Process of selection of the studies for the systematic review.
Twenty studies were excluded, 16 of them were excluded because they did not meet the inclusion criteria, 2 reports were of conference proceedings and in 2 studies data were not extractable (Additional file 1: Appendix 2).
Of the included studies, only one was a controlled trial, 11 studies were prospective cohort studies, 7 studies were retrospective cohort studies and one was a case control study (Tables 1-4).
Assessment of the methodological quality of the included studies
The cohort studies included in this review (Table1&2) had adequate description of participants including description of some confounding factors such as the frequency of renal and vascular complications of diabetes between the PCC group and the control group. However all studies did not address the effect of the presence of confounding factors on the outcomes except for 2 reports which used regression analysis to evaluate the effectiveness of the PCC [10, 29].
In most of the cohort studies blinding of the control group was adequate because they were recruited after pregnancy when they attended for antenatal care, except for 2 studies [24, 28], in which inadequate blinding of the control group cannot be excluded because they were informed about the importance of the PCC and were invited to attend. All participants received the same antenatal and post natal care except for one study [24] where participants were followed up in different health settings.

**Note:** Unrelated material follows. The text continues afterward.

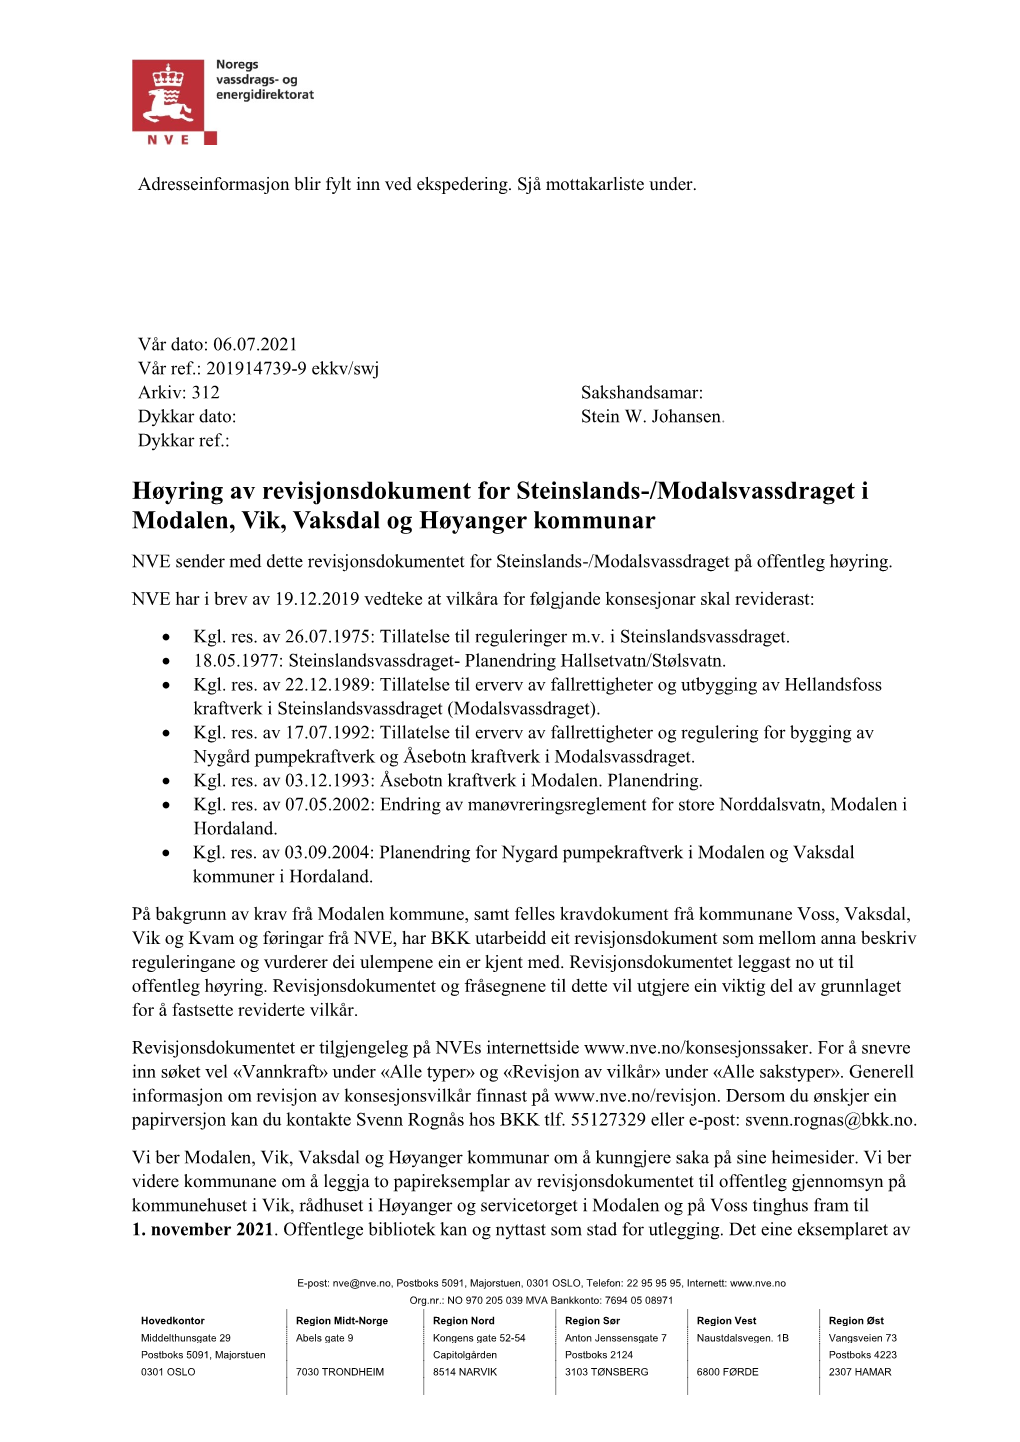 Høyring Av Revisjonsdokument for Steinslands-/Modalsvassdraget I Modalen, Vik, Vaksdal Og Høyanger Kommunar
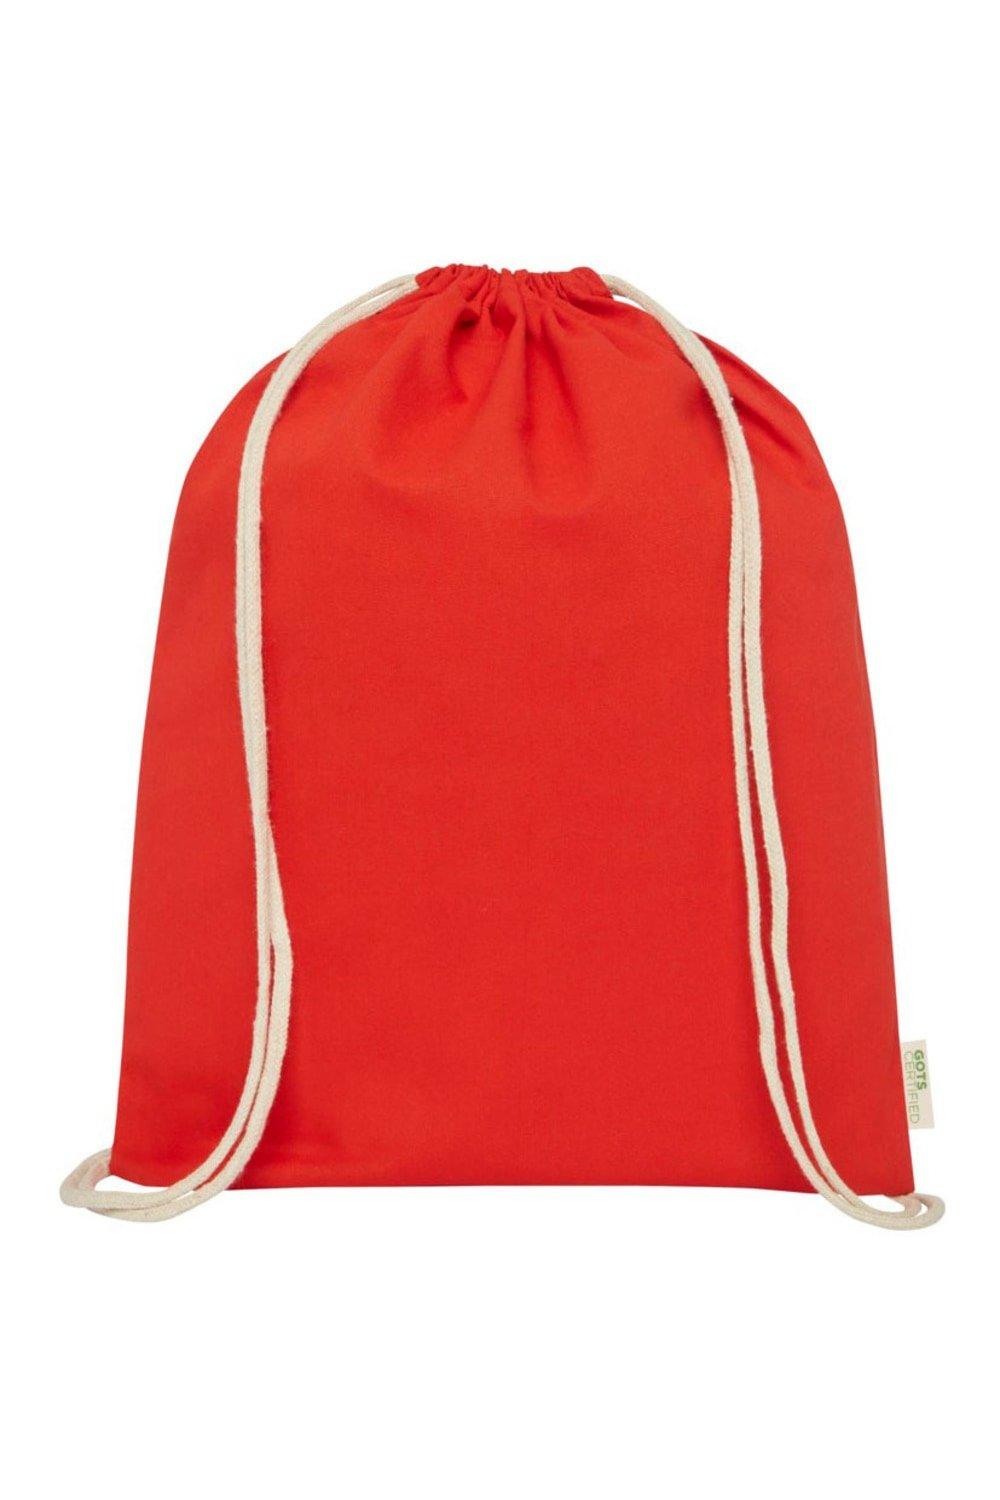 Сумка Orissa на шнурке Bullet, красный изолированная сумка на шнурке adventure из переработанного сырья bullet красный

All cohort studies had adequate follow up for participants except for one study in which 52% of the PCC group were lost to follow up [26]. The assessors of the outcomes were not blinded to the participants' allocation except in one study [25].
Some of the studies at high risk of bias were initially designed to assess aspects of PCC other than its effectiveness in improving maternal and fetal outcomes, hence the poor methodological design when assessed with the NOS [16, 22, 30].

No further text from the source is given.